**WHAT THE TASK ASKS**
As soon as the line containing "Il s'agit d'une" appears in the material below, start returning lines exactly, and end with the line containing "Chaise sculpturale avec collage sur bois.".

**DATASET RECORDS**
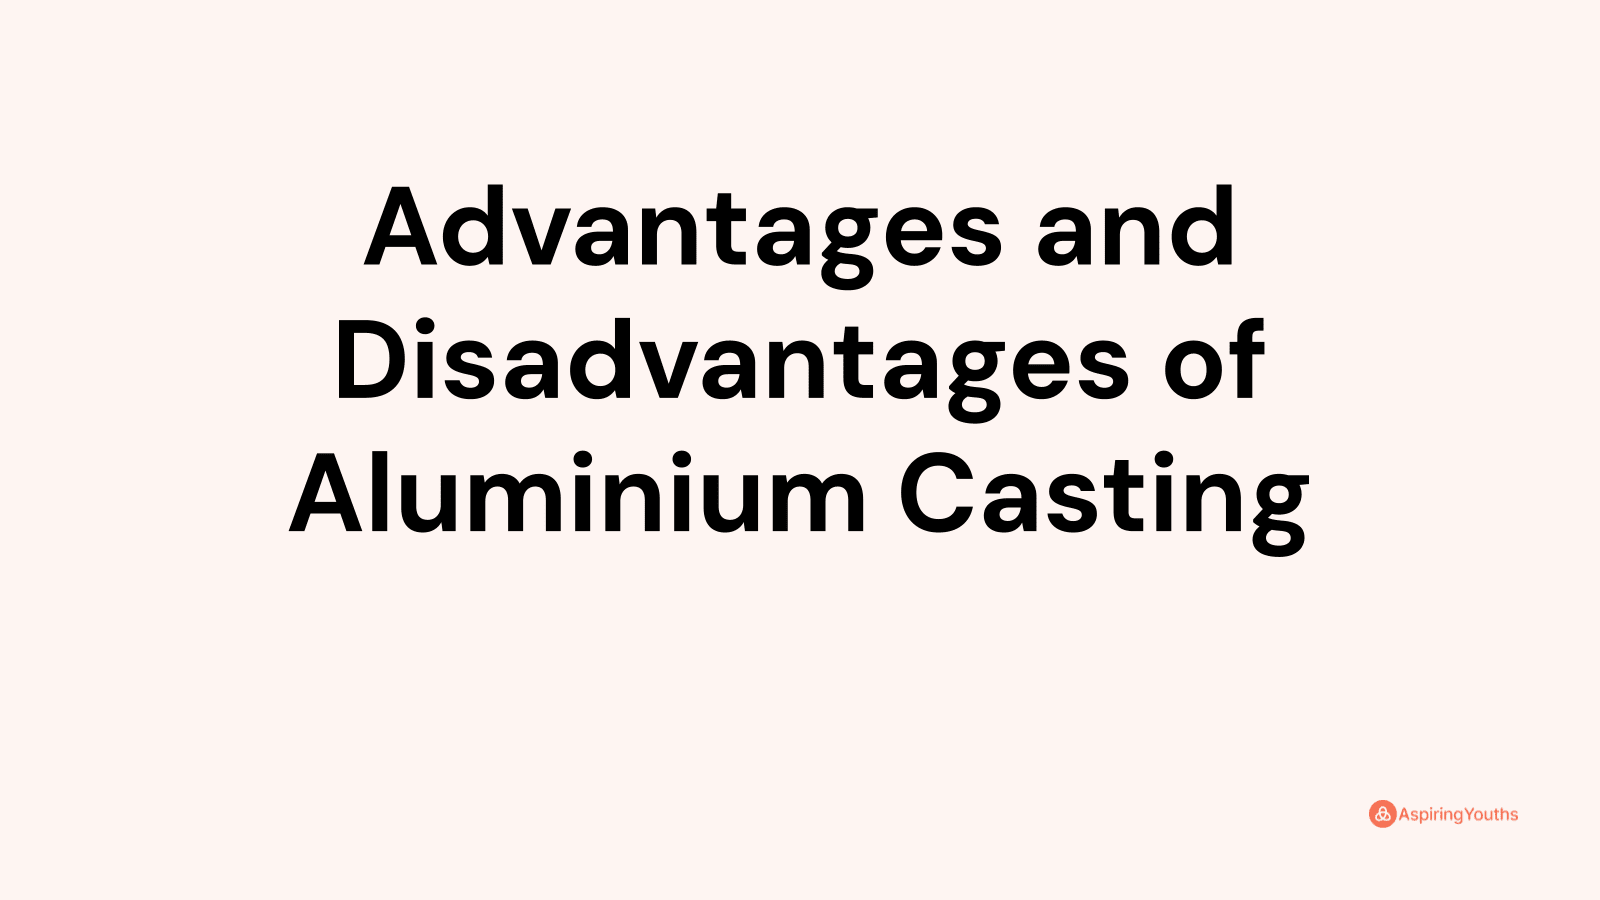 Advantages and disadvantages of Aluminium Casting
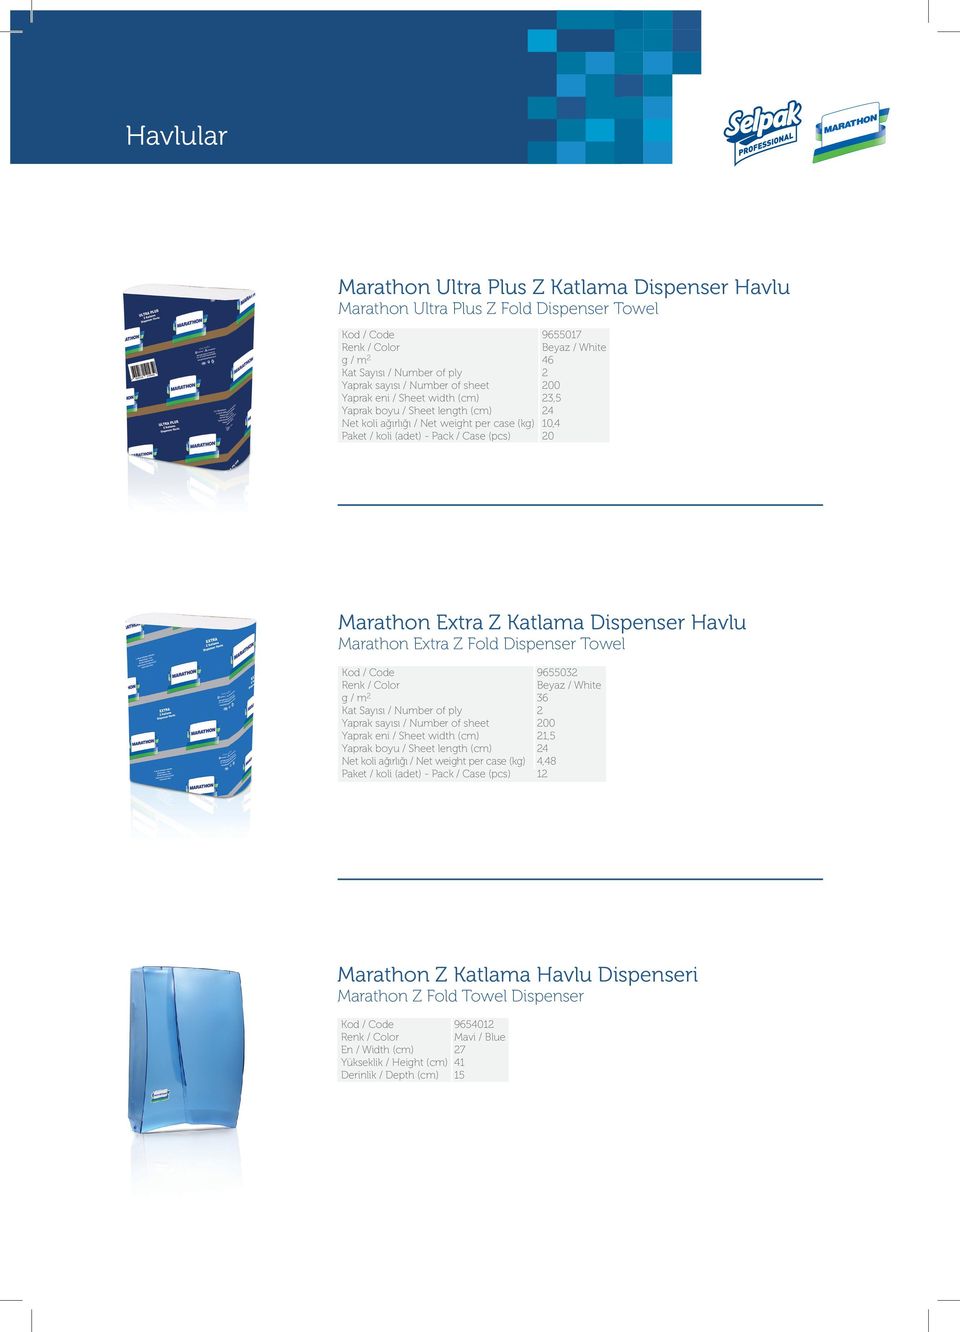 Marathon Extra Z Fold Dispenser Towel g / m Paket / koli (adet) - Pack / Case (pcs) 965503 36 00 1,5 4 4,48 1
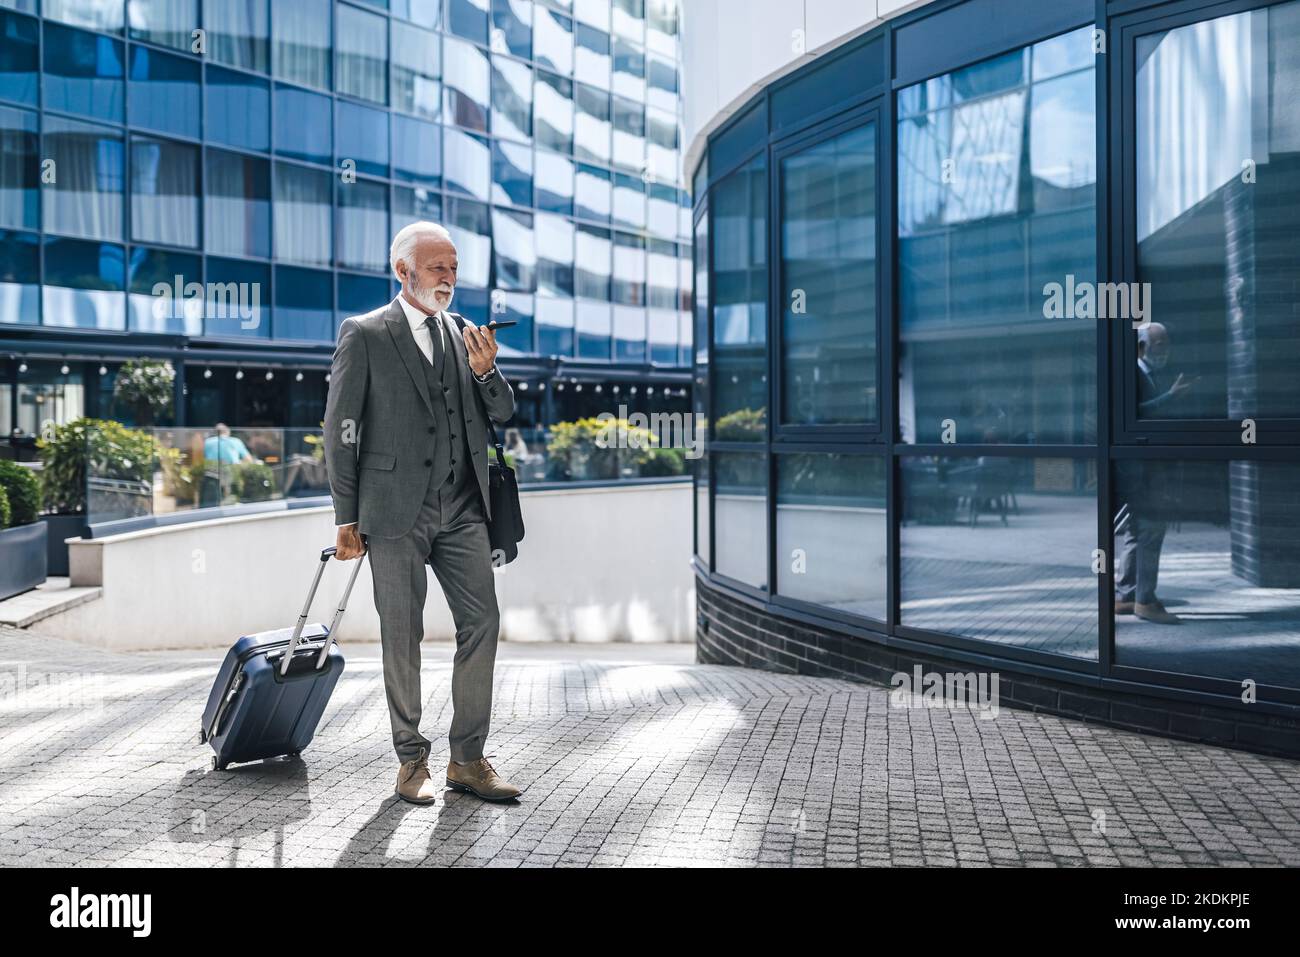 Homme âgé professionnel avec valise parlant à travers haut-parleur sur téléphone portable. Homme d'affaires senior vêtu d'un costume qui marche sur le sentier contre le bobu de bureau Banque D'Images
* * *
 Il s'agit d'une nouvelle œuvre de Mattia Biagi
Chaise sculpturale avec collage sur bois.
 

**SOLVED PROBLEM**
 Il s'agit d'une nouvelle œuvre de Mattia Biagi
Chaise sculpturale avec collage sur bois.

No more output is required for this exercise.